§ WHAT TO PRODUCE:
Repeat only what runs from the line with "Платье из тафты" through the last line of the data below, both included, keeping every word as it is and leaving out the pictures.

§ DATA BLOCK:
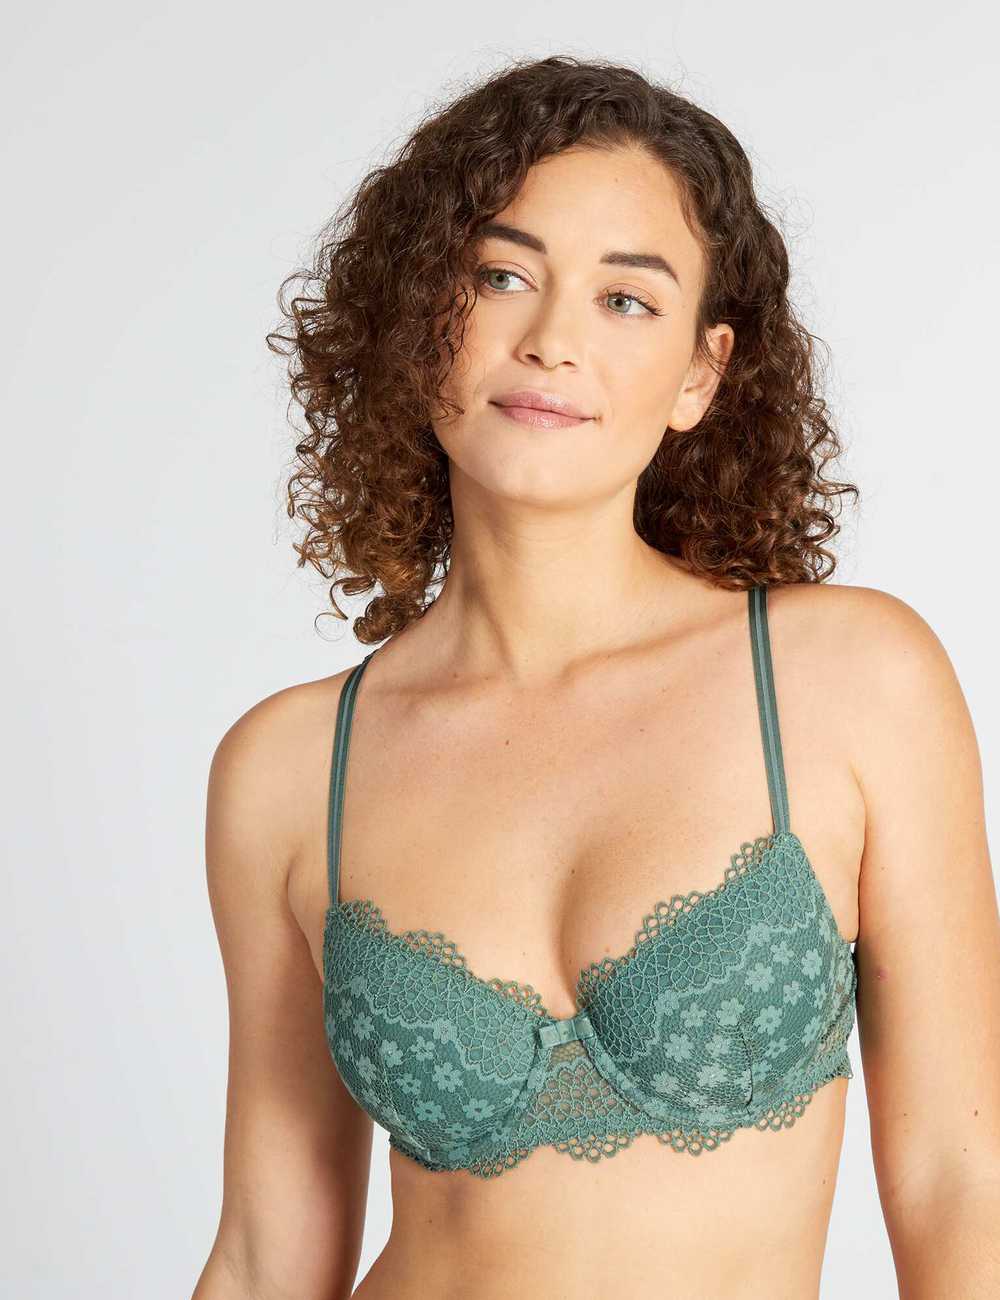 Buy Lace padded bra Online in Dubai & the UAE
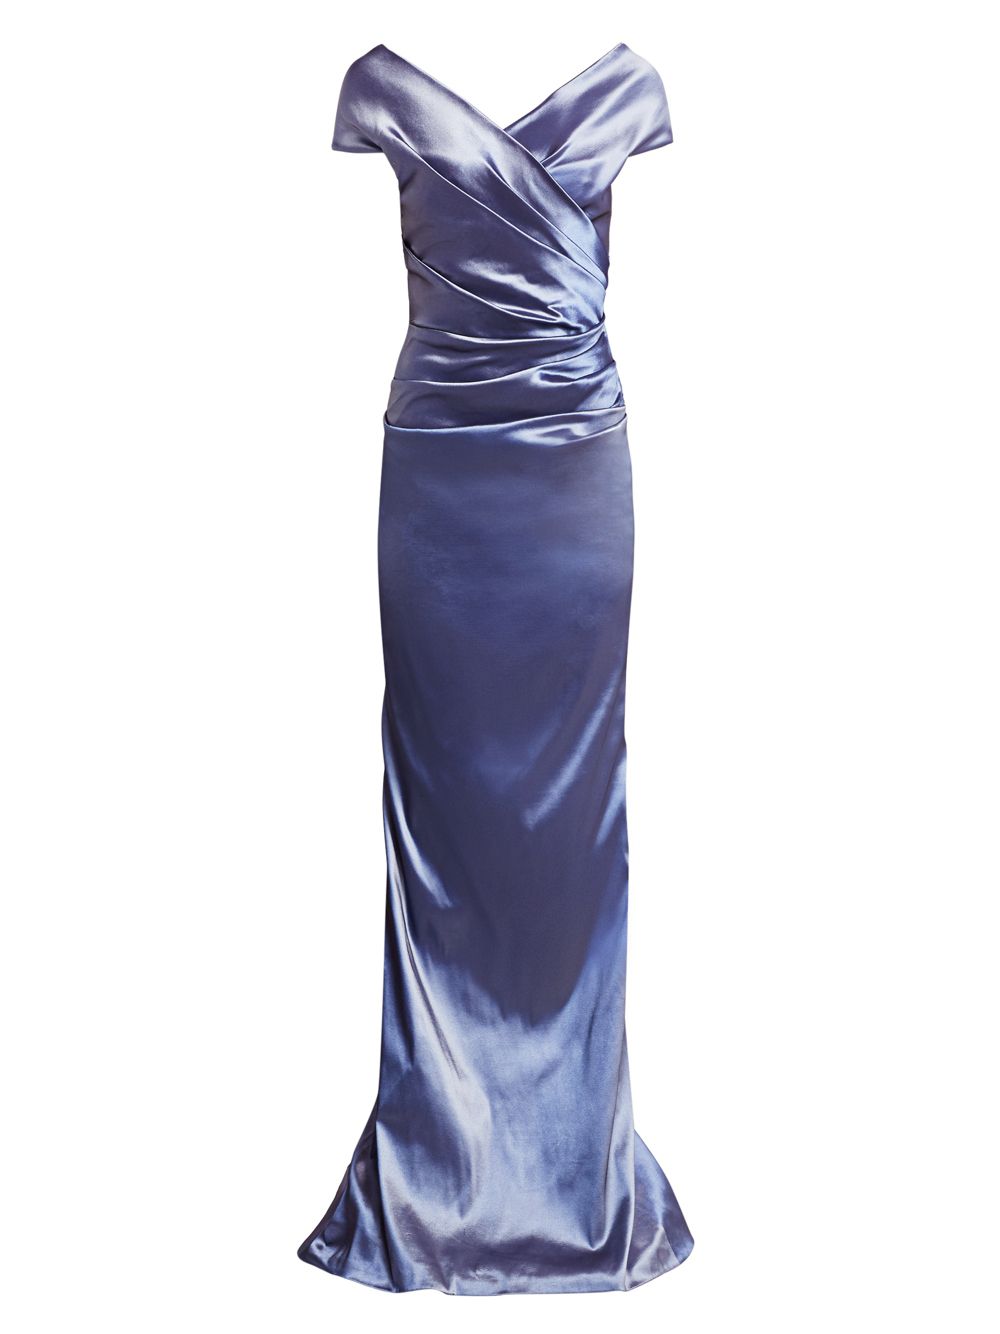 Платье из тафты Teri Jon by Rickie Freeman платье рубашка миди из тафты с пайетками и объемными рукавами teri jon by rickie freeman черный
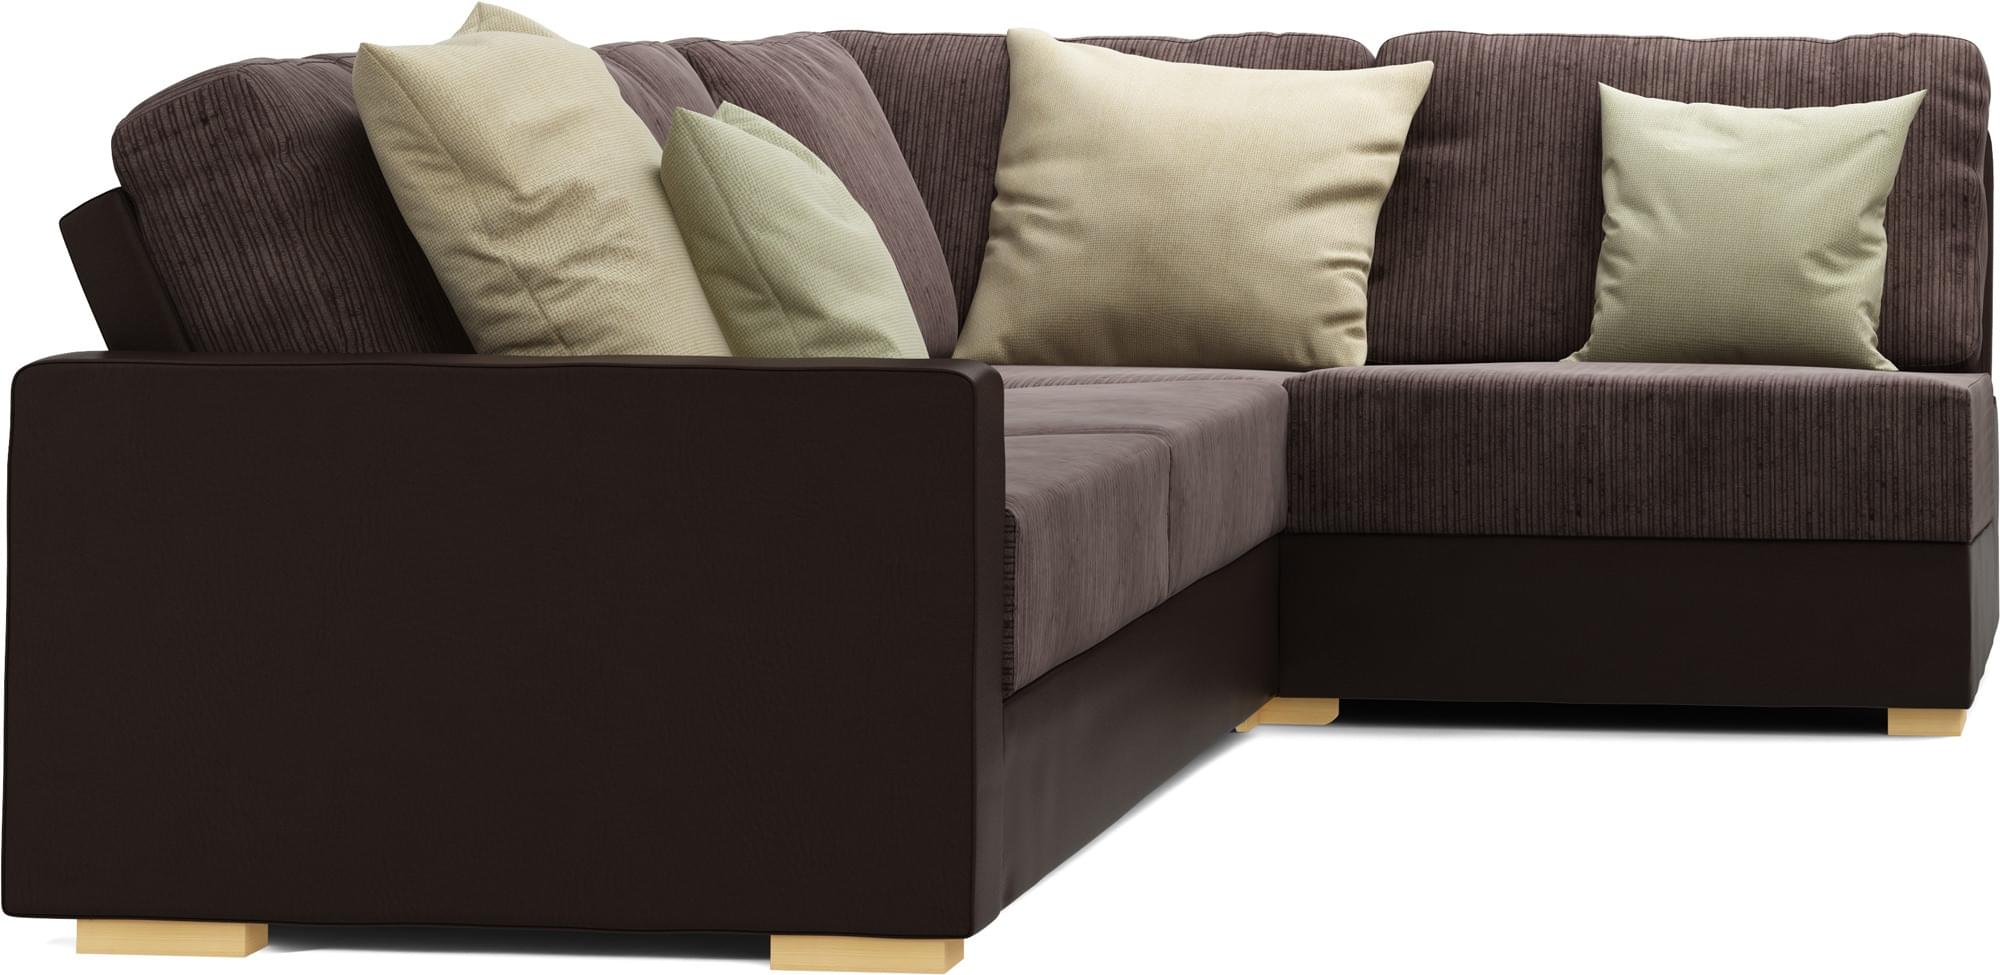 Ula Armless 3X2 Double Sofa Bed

§ ANSWER SECTION:
 Платье из тафты Teri Jon by Rickie Freeman платье рубашка миди из тафты с пайетками и объемными рукавами teri jon by rickie freeman черный
 Ula Armless 3X2 Double Sofa Bed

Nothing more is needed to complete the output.